Huffman Coding Algorithm : Easy Beginner’s Guide with Step-by-Step Examples

By Jebasta

Every time you send a file, zip a folder, or stream a video online, data compression is working in the background. One of the most important techniques powering that compression is the Huffman coding algorithm. It was invented in 1952 and is still actively used today inside ZIP files, JPEG images, MP3 audio, and PDF documents.
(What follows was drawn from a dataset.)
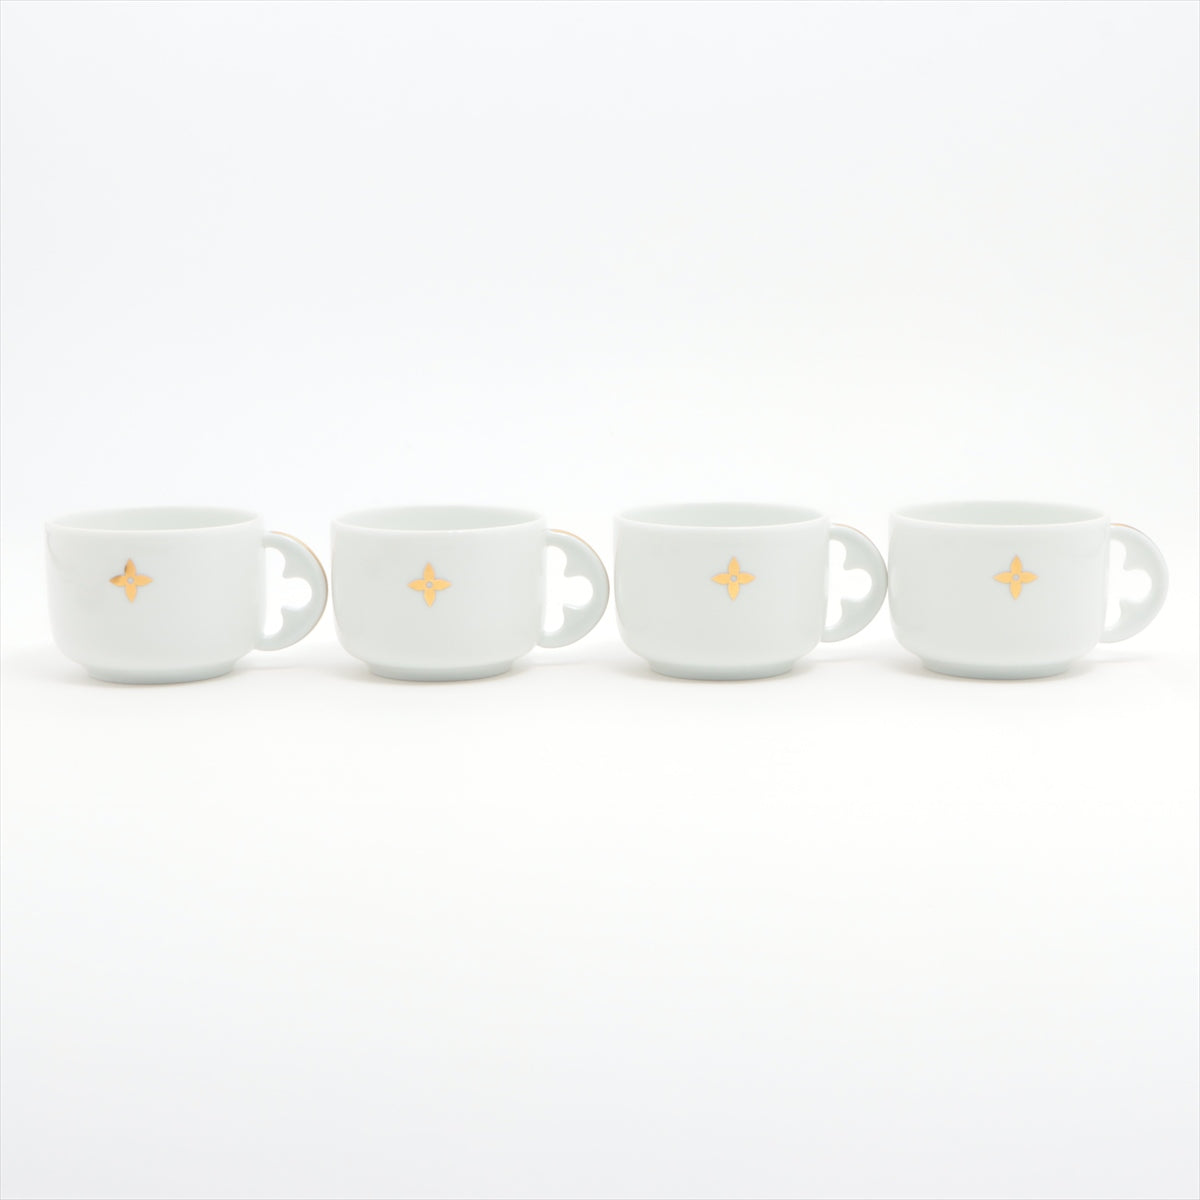 Louis Vuitton GI0821 teacup Porcelain LG0223 cup and saucer Ceramic

If you are a beginner learning data structures and algorithms, the Huffman coding algorithm is one of those topics that appears in university exams, coding interviews, and competitive programming regularly. This guide breaks it down completely from scratch using simple examples and step by step walkthroughs.

Quick Answer

The Huffman coding algorithm is a lossless data compression method that assigns shorter binary codes to characters that appear more frequently and longer codes to characters that appear less frequently. It builds a binary tree using character frequencies and reads each character’s code as a path from root to leaf. No data is lost and the original can be perfectly restored.

Table of contents


  1. Key Terms You Need to Know First
  2. What Is the Huffman Coding Algorithm
  3. What Is a Prefix Code and Why It Matters
  4. How the Huffman Coding Algorithm Works
  5. Step-by-Step Example: Building a Huffman Tree
    • Count Frequencies
    • Build the Min-Heap
    • Merge A(2) and C(2)
    • Merge E(2) and B(3)
    • Merge AC(4) and D(4)
    • Final Merge: EB(5) and ACD(8)
    • Assign Codes by Traversing the Tree
  6. How to Encode Data Using the Huffman Coding Algorithm
  7. How to Decode Data Using the Huffman Tree
  8. Huffman Coding Algorithm vs Fixed-Length Encoding
  9. Where Is the Huffman Coding Algorithm Used in Real Life
  10. Tips for Beginners
    • 💡 Did You Know?
  11. Conclusion
  12. FAQs
    • What is the Huffman coding algorithm in simple words?
    • Is the Huffman coding algorithm lossless or lossy?
    • What data structure is used in the Huffman coding algorithm?
    • Why does the Huffman coding algorithm always produce a prefix code?
    • Where is the Huffman coding algorithm used in real life?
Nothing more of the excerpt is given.